Oltre 30mila visitatori a questo Pitti Uomo concluso oggi. Tra gli spunti molti quelli rivolti al life style, nel senso ampio del termine. A cominciare dalla sostenibilità. Tra gli esempi più emblematici  Save the Duck che ha presentato la linea Ocean is my Home alla Società Canottieri Firenze. Un'occasione per i non fiorentini di scoprire un circolo sportivo, con rimessa barche ,  giardino e scalo sull’Arno, in uno storico palazzo a dieci metri da Ponte Vecchio (foto al centro). La collezione, dal logo nei colori dell’oceano, è realizzata in tessuti ottenuti dalla rigenerazione delle reti da pesca recuperate negli oceani. Parte della vendita di ogni capo è devoluto a Surfrider Foundation Europe, che si prefigge di liberare i mari da 6mila kg di rifiuti.  Dedicata agli sport nella natura I go out la nuova sezione di Pitti, nella Sala della Ronda interamente rivestita da gigantografie di boschi. Well-being è la chiave di lettura di Birkenstock, oltre i mitici sandali. Nello stand 
          fra piante e chaise longue anche rilassanti massaggi ai piedi. Continua l’attenzione per l’artigianato e nasce Make una sezione con espositori da tutto il mondo. L’intrigante allestimento, curato dal designer Angelo Figus, guarda alle Wunderkammer. Dalle scaffalature al pavimento (foto in alto). Il gusto per le lavorazioni preziose è un altro elemento di rilievo. Corneliani punta sulla seta che utilizza per un intero guardaroba,  impermeabile compreso. In seta e nylon, termosaldato.
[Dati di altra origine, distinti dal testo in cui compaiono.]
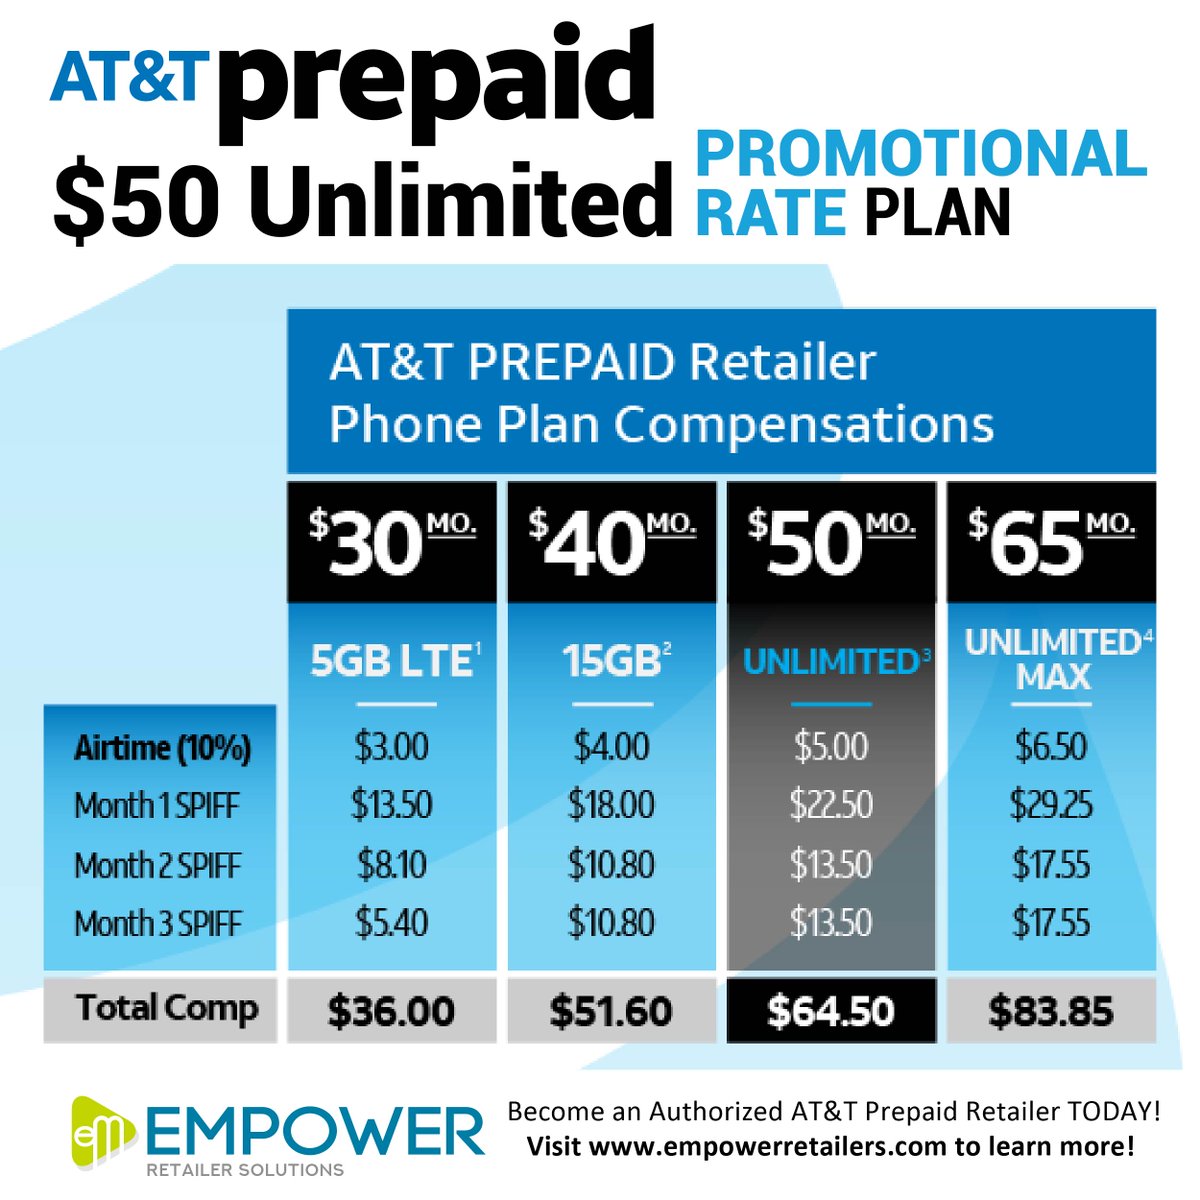 #ATTPrepaid has everything your customers are looking for! Sign up to become an Authorized Retailer TODAY! Click here to get started-> bit.ly/3nrGn3G #WirelessDealer #Prepaid #Wireless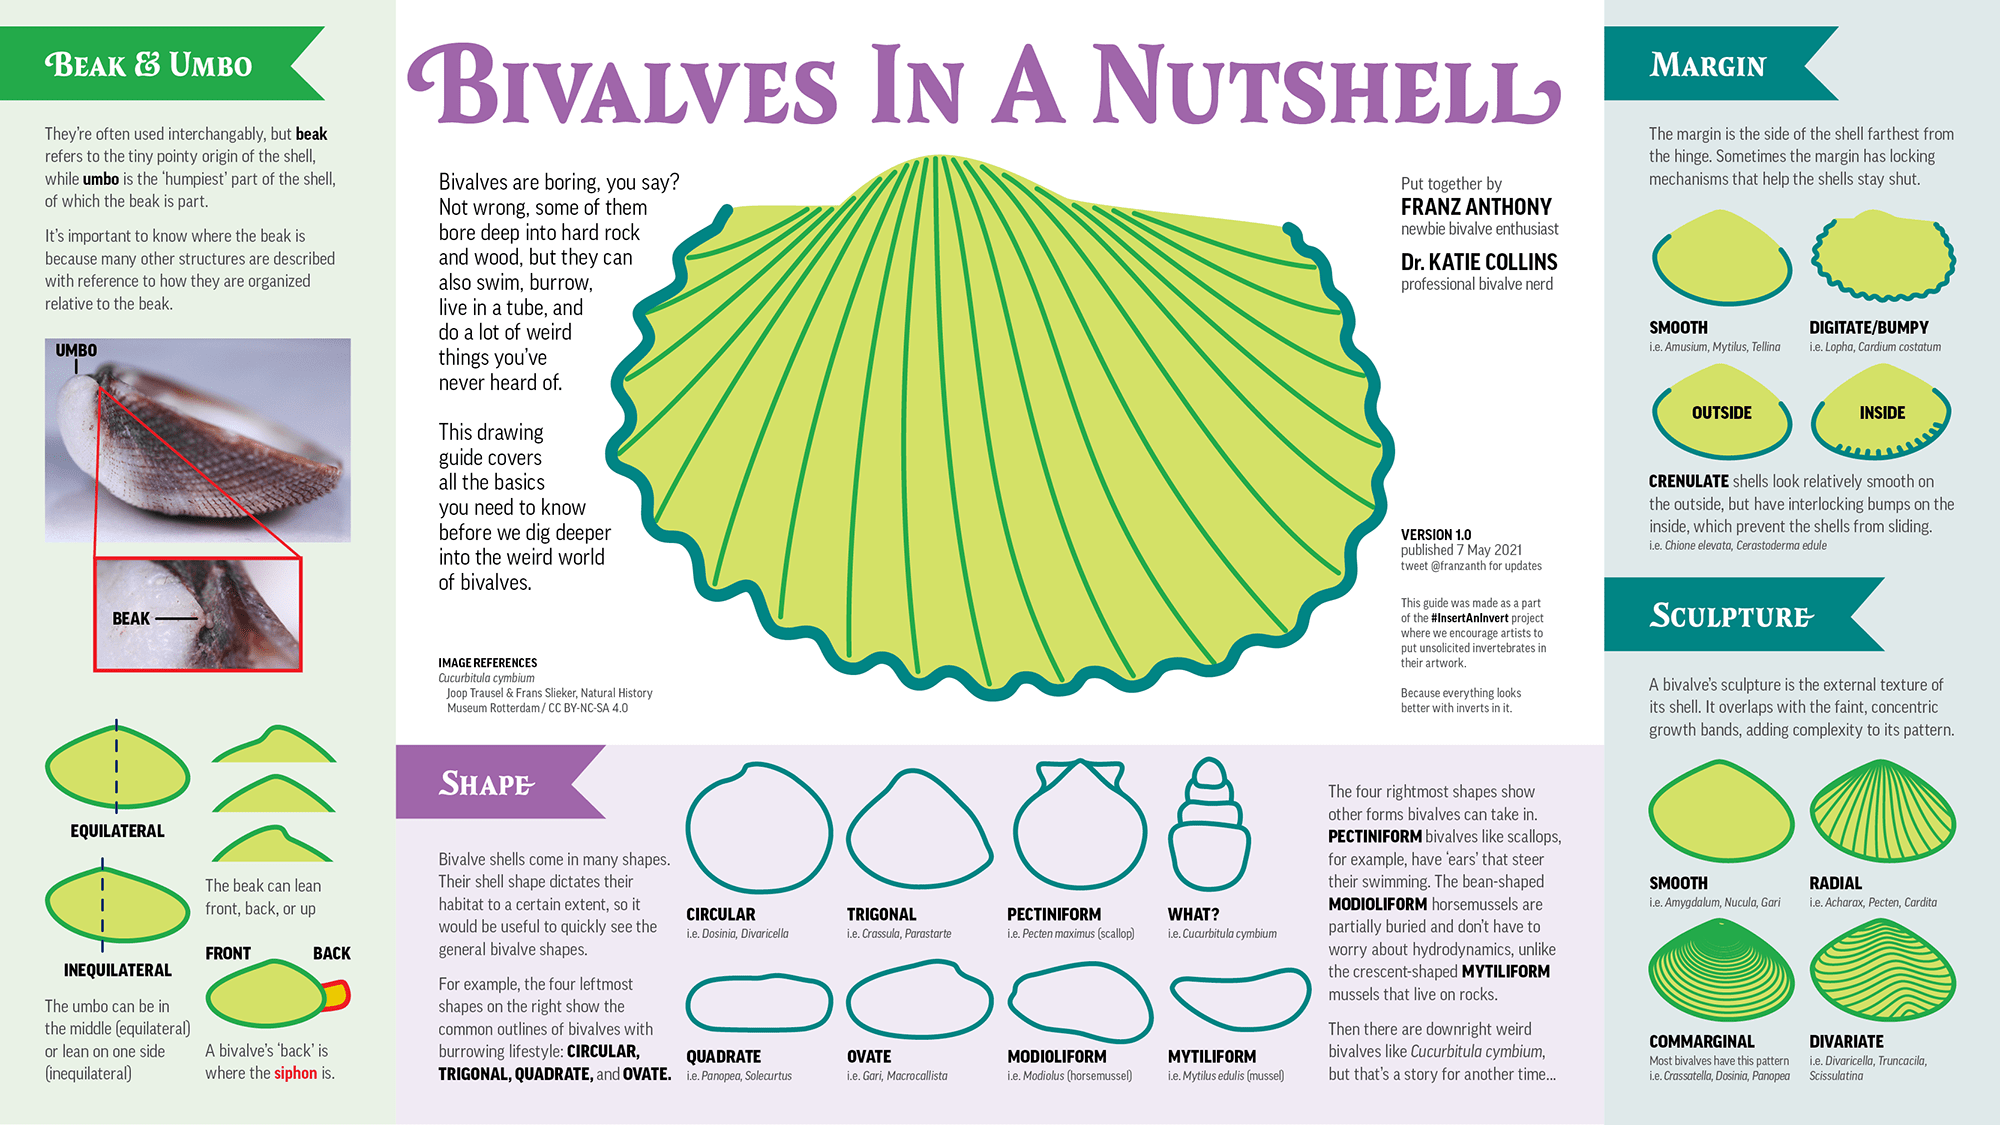 Infographic showing different aspects of bivalve shell form.

Seta  lavata per il giubbotto, in jersey di seta la giacca camicia e perfino la T-shirt bianca ha un taschino in seta stampata. Cividini  dal gusto per l’irregolare arriva a un’estetica perfetta. Con le tinture all’aerografo e le lavorazioni speciali rende raffinate  le maglie a righe dei giocatori di baseball o il giubbotto camouflage. Federico Curradi incanta con una collezione dove i tessuti sono naturali  nelle tinture e nei trattamenti e i vari interventi, dai ricami ai disegni, ai piccoli dettagli sono fatti a mano da artigiani, tutti toscani (foto a sinistra). Siviglia, il guru del pantalone, a Palazzo Ricasoli racconta la sua storia con tre capi iconici, il 5tasche, il luxury denim, il chino sartoriale e il video della sua campagna. Protagonista il funambolo Andrea Loreni che “affronta passo dopo passo la sua traversata, proprio come Siviglia sfida nuovi orizzonti”.